PIMCO Fund financial super-guru William Gross calls for the government to encourage the widespread refinancing of all underwater mortgages – even though his own investments and investors would take a financial hit.

USA Today’s Paul Wiseman and Stephanie Armour reported on September 29, 2010, that William (Bill) Gross, managing director of investment giant PIMCO urged policymakers to "quickly engineer a refinancing opportunity for all mortgages that are current on paymetns" and guaranteed by Fannie Mae or Freddie Mac. Mr. Gross is reported to have analyzed that turning mortgages now at 5%, 6% or 7% into 4% mortgages could pump up to $60 billion into the national economy and lift housing prices by as much as 10%.

Mr. Gross’ idea is remarkable as it is seems odd it is coming from Mr. Gross. If Mr. Gross is anything, he is a "super-guru" of bond, note and mortgage backed securities investing. Mr. Gross’ advice will actually cause Mr. Gross (and those investors he advises) to lose money and value in the short term, and maybe even in the long term.

Morgan Stanley analyst/economist David Greenlaw agreed with super-guru Mr. Gross, calling such a move a "slam dunk stimulus".

Mr. Gross explained his reasoning: "Whether it’s above water or below water, it’s the same house…there would be fewer foreclosures. There would be fewer defaults. There would be fewer empty homes. … You’ll improve the quality of the houses by keeping people in them rather than forcing them to leave."

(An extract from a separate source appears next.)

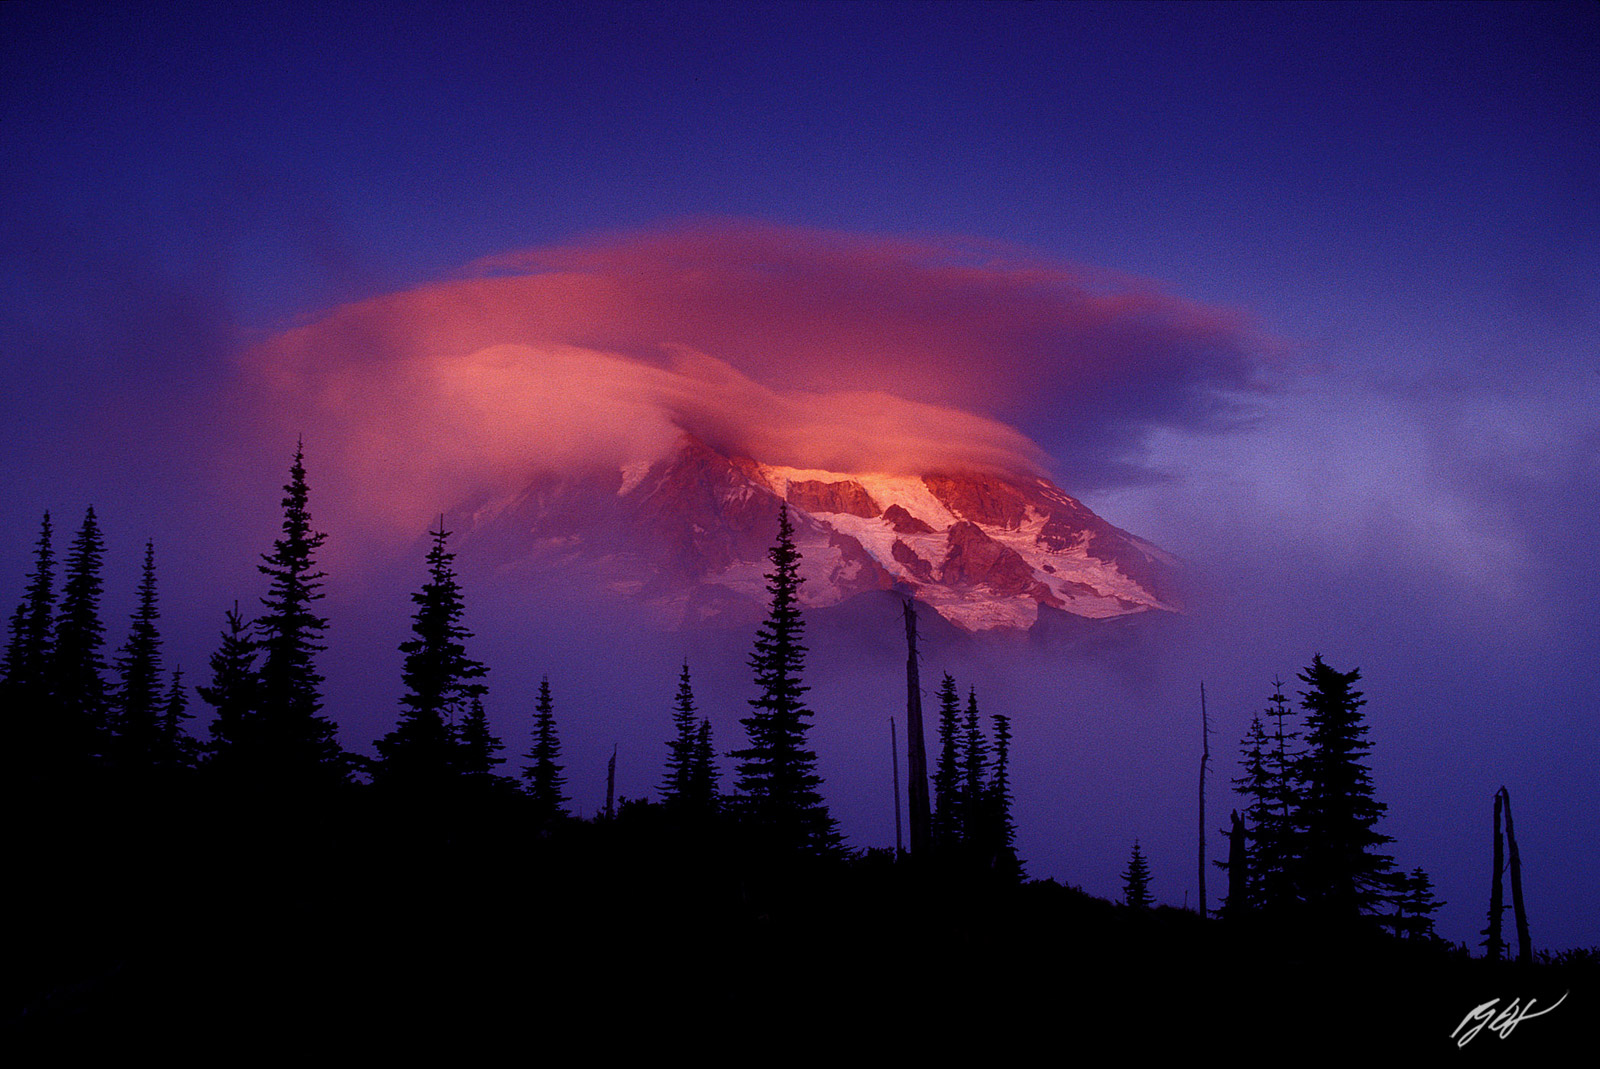 Sunset Lenticular Cloud and Mt Rainier from the Wonderland Trail in Mt Rainier National Park in Washington

The mortgage and banking industries are expected to resist Mr. Gross’s advice because many mortgages are packaged into securities and sold to investors and are not hold by the bank/mortgage sales company that originated the mortgage. A massive refinance program pushed by the government is a "non-starter. …. It would involve breaking a contract with the investor who’s holding the existing mortgage." says Mortgage Bankers Association vice president for research and economics Michael Fratantoni.

USA Today reports that the Obama administration has shown little enthusiasm for the widespread solution recommended by Mr. Gross.

Mr. Gross’ proposal is remarkable in that he invests (and advises investors similarly invested) in the bonds and mortgage backed securities that would take a financial hit by such a widespread refinance. Mr. Gross thus seems to believe that even if bond/mortgage investors take a hit in the short run, they will ultimately be better off with a less anemic economy and higher home prices.

The same USA Today article reports that "cash out refinances" are on the decline. Q2 2006 $83.6 billion was pulled out of homes. Q2 2010 a mere $8.3 billion in cash was pulled out of homes in refinances.

See USA Today, Section B, September 29, 2010, Paul Wiseman and Stephanie Armour. (Sorry, USA Today did not offer a link to this article on their website which I was able to locate.)

IDEAS FOR ACTION: Of course resist the idea to use your home as an ATM, even if you have a modest amount of equity. If you are struggling with consumer debt or unpaid taxes, consider consulting with a consumer bankruptcy attorney and learn about Chapter 7 and Chapter 13 before you trot down the "cash out refinance" road. With the HARP refinance program, note that you may be able to refinance your higher interest rate home notwithstanding slightly rocky credit scores and significant unsecured debt. Keep your eyes and ears open for changes and improvements to the HARP Fannie Mae/Freddie Mac refinance programs in case the Obama administration should see fit to partially follow at least some of the advice of Pimco investment giant super-guru William Gross.